Милостивый государь Фаддей Венедиктович!

В № 21 «Сев[ерной] пчелы» сего года я, к удивлению моему, прочитал, что в литературных спорах, возникших между вами и г. Полевым, касательно изданных вами «Воспоминаний», описывая действия Хвостова и Давыдова при экспедиции в Японию, вы, для удостоверения в истине вашего о них рассказа, выставили и меня посредником между вами. Видя имя мое таким образом помещенное в газете, это изумляет меня еще тем более, что и самый рассказ ваш об упомянутых лицах не вполне верен. Покорнейше прошу вас, м[илостивый] г[осударь], в вашем прении впредь для защиты вашей не употреблять моего имени.

Честь имею быть, и пр.

Петр Рикорд.

Надобны ли здесь какие-нибудь объяснения? Любопытны замечания Ф. В. Булгарина при этом письме, но мы оставляем их, хоть признаемся, здесь и мы невольно смеялись!655655
  Публикацию письма Рикорда Булгарин предварил следующими словами: «Получив от его высокопревосходительства Петра Ивановича Рикорда письмо, с удовольствием помещаем его, присовокупляя с нашей стороны, что мы ссылались на П. И. Рикорда не как на государственного сановника и безусловный авторитет, но как на автора “Путешествия” (имеется в виду кн.: Рикорд П. И. Записки флота капитана Рикорда о плавании его к Японским берегам в 1812 и 1813 годах и о сношениях с японцами. СПб., 1816. – А. Р.) и т. п., привыкшего видеть свое имя в печати. Точно, в нашем рассказе есть неточность в именах городов, Охотска и Петропавловска, но это вовсе не изменяет дела. Повторяем, что “Воспоминания” не история; в “Воспоминаниях” рассказывается, что было делано и говорено в свое время, и это именно характеризует эпоху. Что за важность для истории в анекдоте о Хвостове и Давыдове? Какой точности в именах и числах ищет г-н Полевой? Просто смешно! Что же касается до желания его высокопревосходительства П. И. Рикорда не употреблять его имени в прениях литературных, то мы исполним это весьма охотно, тем более, что имеем верное основание, на котором утвержден рассказ наш о Хвостове и Давыдове, а именно письма В. М. Головнина, напечатанные во втором томе “Воспоминаний”. В том же, что мы смешали имена городов, винимся, но все почитаем это мелочью».


[Закрыть]
Спешим к последнему пункту оправданий, последней победе над нами Ф. В. Булгарина, вроде побед кунерсдорфских.
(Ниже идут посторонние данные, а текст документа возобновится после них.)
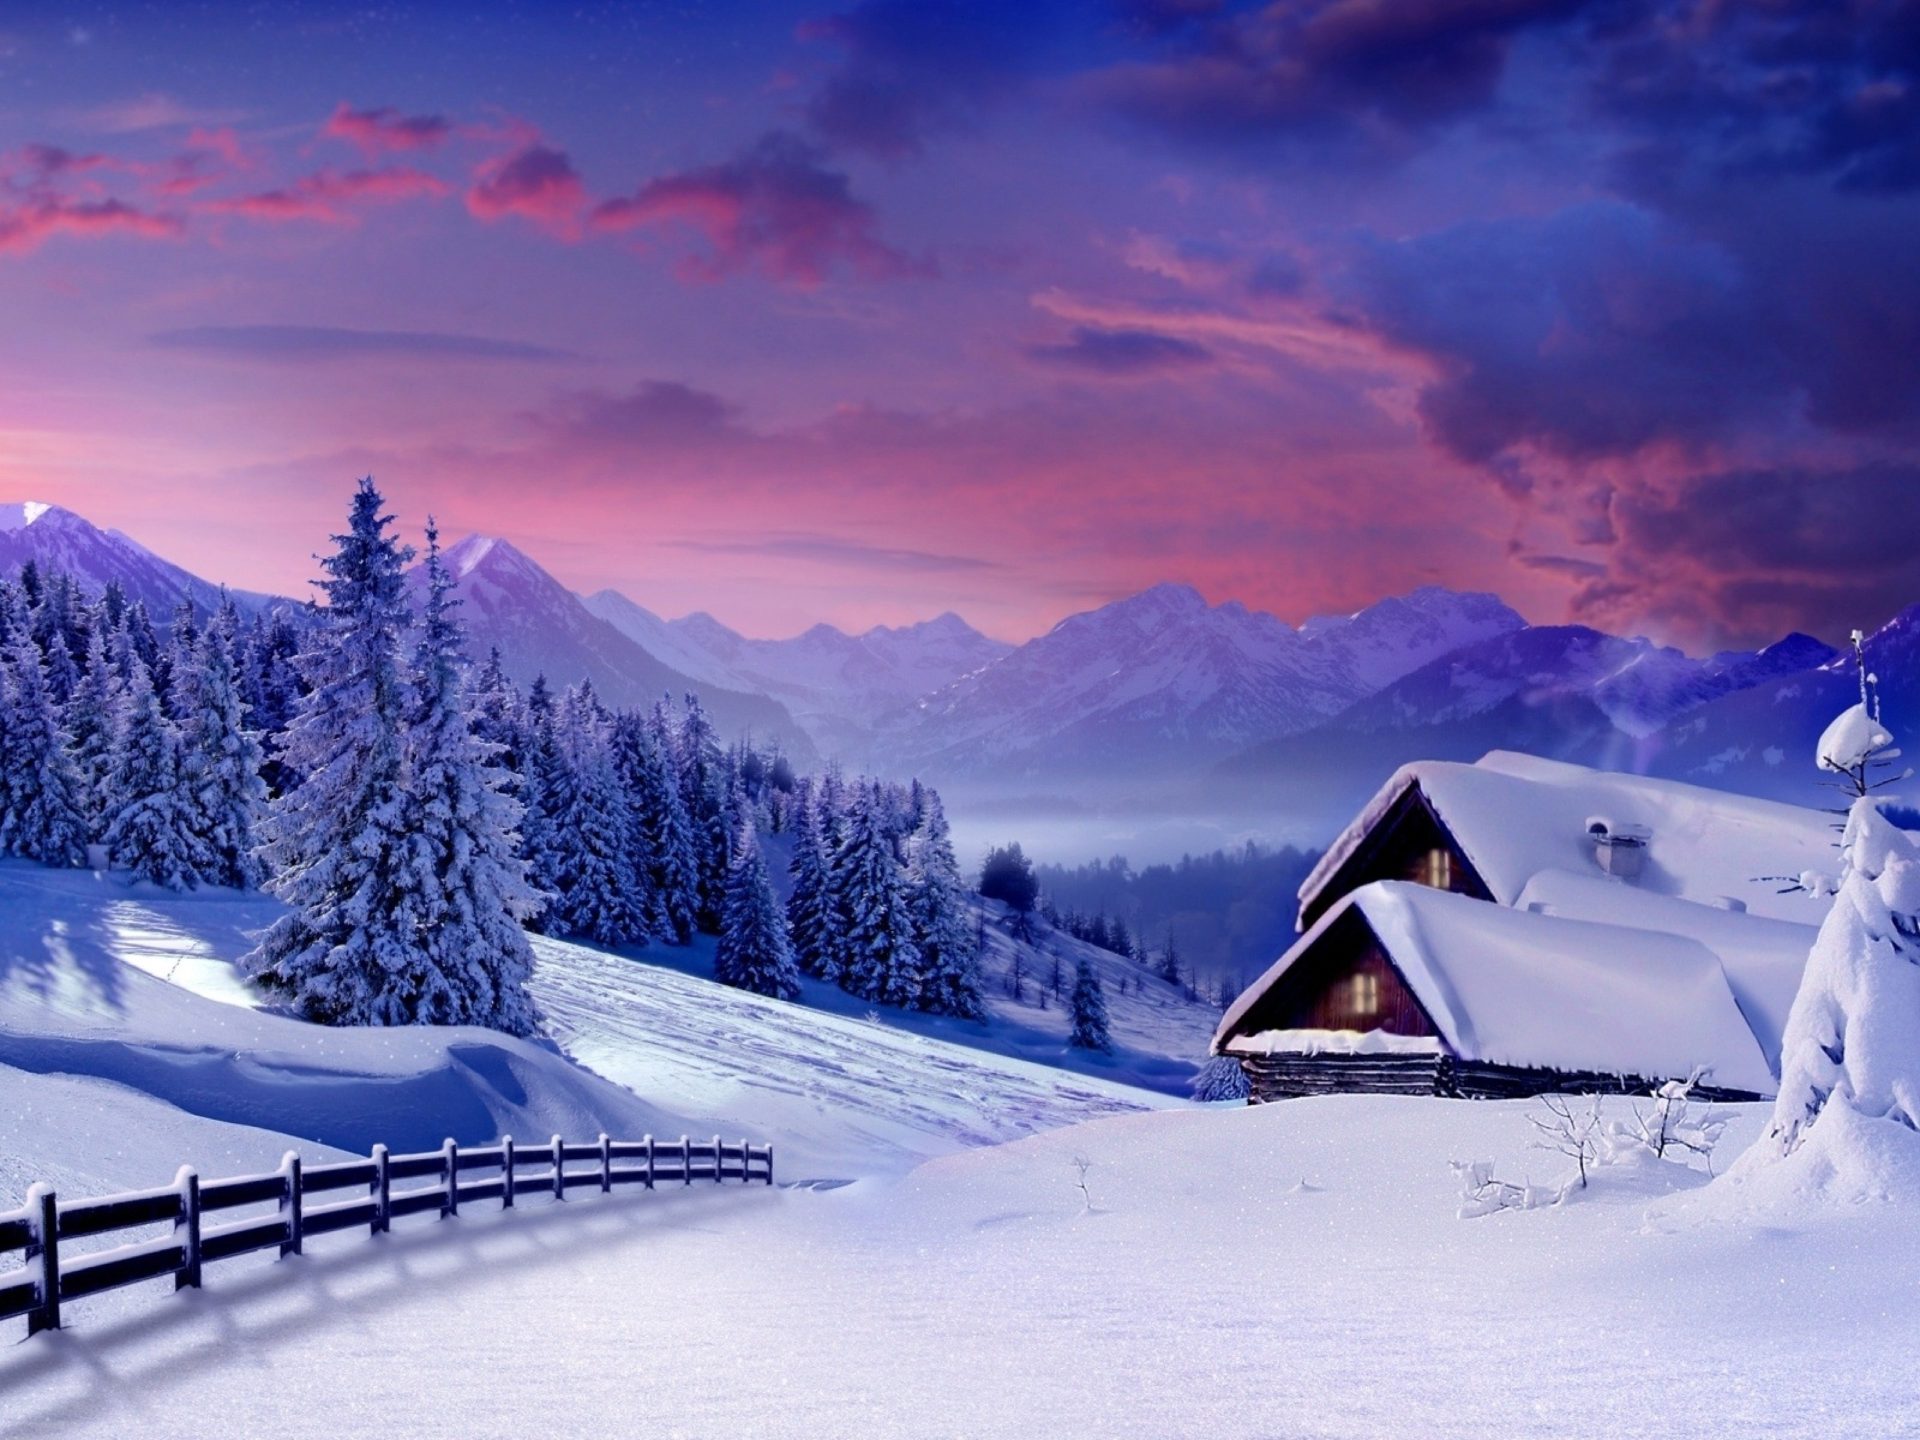 Forest Snowy Winter Mountains Wallpapers

9. «В “Воспоминаниях” (часть II, стр. 232–233) сказано об объявлении, напечатанном в 1806 году против Наполеона, вроде бесед графа Растопчина с московскими жителями в 1812 году. Г. Полевой изволит сомневаться, что Ф. Б. читал это объявление, и указывает на XXIX том Собрания законов, где напечатано это объявление. Знали мы об этом, г. Полевой, и справлялись, а на поверку вышло, что это то, да не так! Что было писано для простого народа, то не внесено в Собрание законов. Далее не хотим пояснять, хотя имеем теперь в руках то объявление, о котором говорится в “Воспоминаниях”. Ну что было бы, если б все, что было напечатано в 1812 году, внести в Собрание законов и государственных актов? Полноте, г. Полевой, вы не понимаете дела!»
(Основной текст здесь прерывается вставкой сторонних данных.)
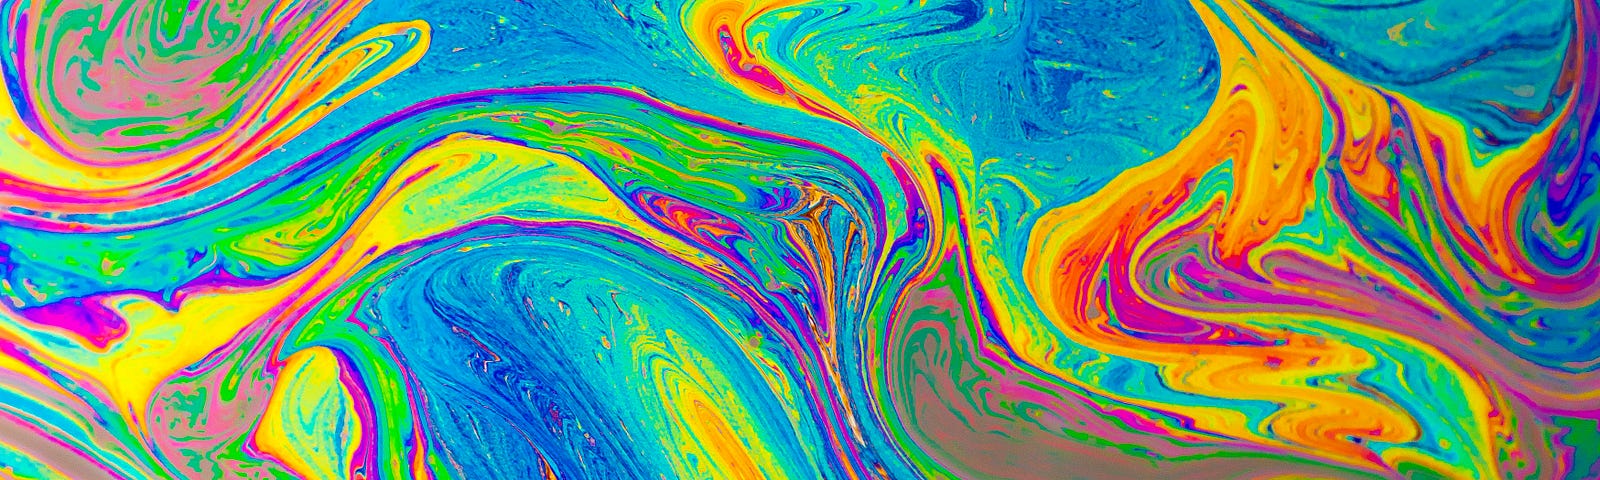 Swirling colors, abstract

Нет, мы дело лучше вашего понимаем и еще раз утверждаем, что именно то самое объявление напечатано в Собрании законов, о котором говорит г-н Булгарин, а другого не было, нет, и он его теперь в руках иметь не может! Да что далеко откладывать? Напечатайте его в «Пчеле»! Это будет любопытнее сказочек, которые вы печатаете, или всего лучше положите его в магазине М. Д. Ольхина, и пусть рассудит нас народ беспристрастный!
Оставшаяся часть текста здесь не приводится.